The result was to keep derivatives speculation in check and largely confined to organized exchanges. At least, speculation was kept in check until the rules were dismantled. The dismantling began in 1986, when Britain “modernized” its laws by making all financial derivatives, whether used for hedging or pure speculation, legally enforceable. American regulators followed suit in the 1990s by legalizing O.T.C. trading for particular types of financial derivatives, especially interest rate swaps. This promptly led to the swaps-fueled bankruptcies of Orange County, Calif. (1994), Barings Bank (1995), and the Long-Term Capital Management hedge fund (1999). Despite these object lessons, Congress embraced wholesale legalization of O.T.C. derivatives in 2000 with the Commodities Futures Modernization Act.
That act declared O.T.C. derivatives exempt from C.F.T.C. or S.E.C. oversight. But it also declared even purely speculative O.T.C. derivatives contracts legally enforceable. The Commodities Futures Modernization Act thus eliminated, in one move, legal hurdles to derivatives speculation that dated back, not just decades, but centuries. It was this change in the law — not some flash of genius on Wall Street — that created today’s huge derivatives market. According to the Bank for International Settlements, by 2008 the notional value of the derivatives market had climbed to $600 trillion, amounting to nearly $100,000 in derivative bets for every man, woman and child on the planet.
This “modernization” has added enormous risk to our economy, making it possible for institutions like A.I.G., Orange County, Barings and Long-Term Capital Management (not to mention Enron
, Bear Stearns
and Lehman Brothers
) to lose very large amounts of money very unexpectedly.
Of course, derivatives speculation in theory may provide social benefits that offset the social costs of systemic risk. Economists, for example, often claim speculators add liquidity to markets, and improve the accuracy of market prices. Yet there is virtually no evidence that legalizing speculative O.T.C. derivatives trading has provided significant benefits to the overall economy (although it clearly has provided benefits to Goldman Sachs
and other winning derivatives traders). Meanwhile, taxpayers have spent nearly $180 billion on the A.I.G. bailout alone.

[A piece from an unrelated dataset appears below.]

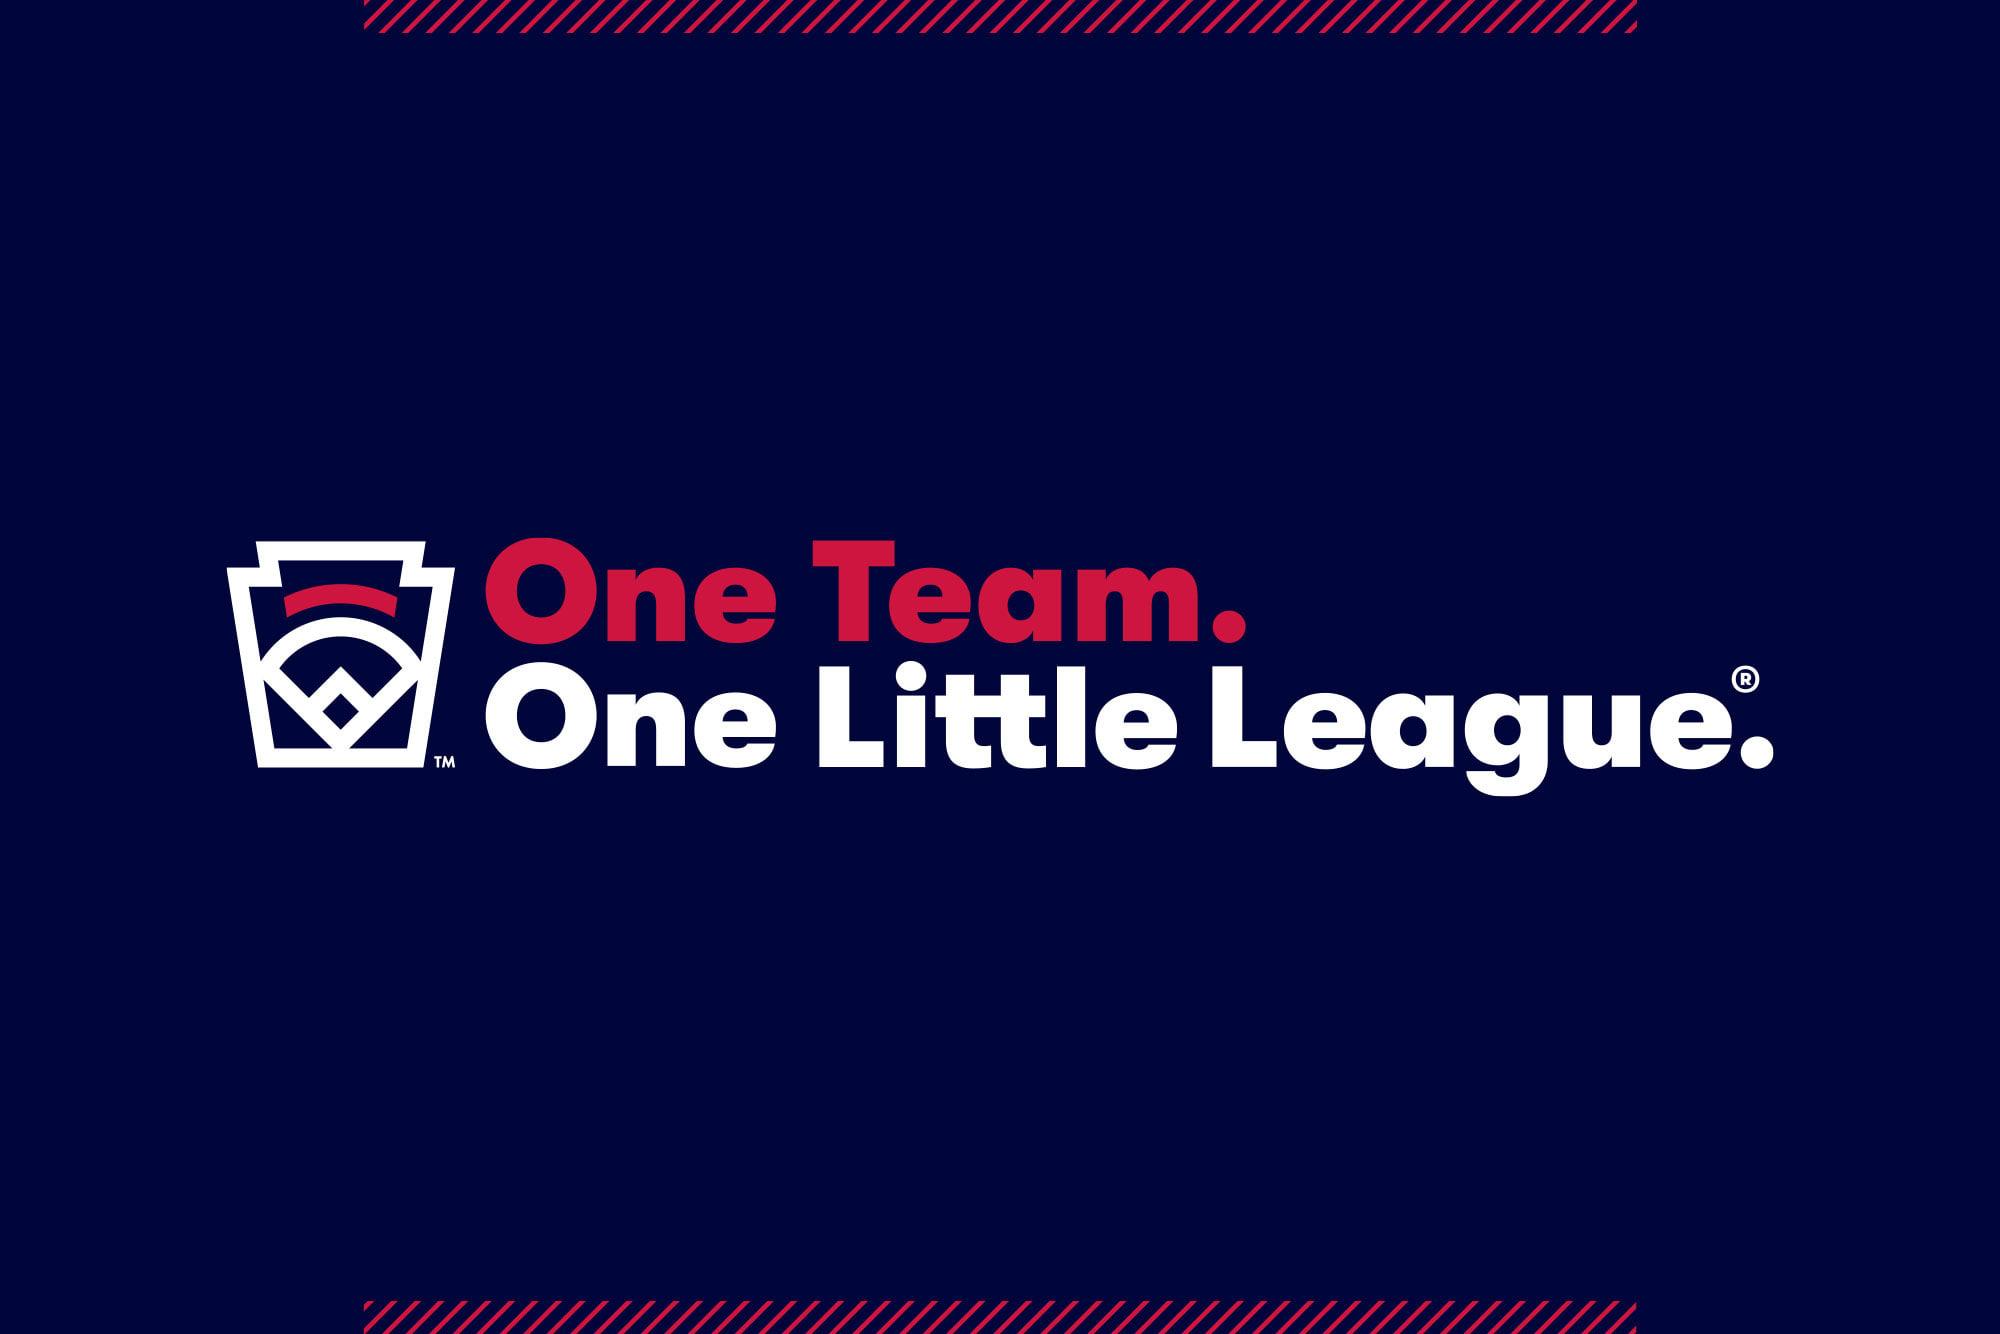 One Team. One Little League.

What to do? One possibility is to simply go back to what worked before. Lawmakers have started to move in this direction. The Treasury
, for example, has proposed requiring “standardized” derivatives be traded on regulated exchanges, allowing only “customized” derivatives to be traded on the O.T.C. market. Unfortunately, the “customized” loophole is large enough for Wall Street to drive not just one, but several, trucks through.
An alternative might be to learn from history and the common law. By refusing to enforce off-exchange derivatives that didn’t serve a true hedging purpose, the old rule against difference contracts preserved the economic benefits of hedging transactions while discouraging the sort of large-scale, unrestrained derivatives speculation we have now learned, the hard way, can add intolerable risk to the financial system. And it did this without spending taxpayer money. During the 1990s boom, when O.T.C. derivatives were widely applauded as new financial “products” and “innovations,” this traditional approach had little appeal. It might have more now.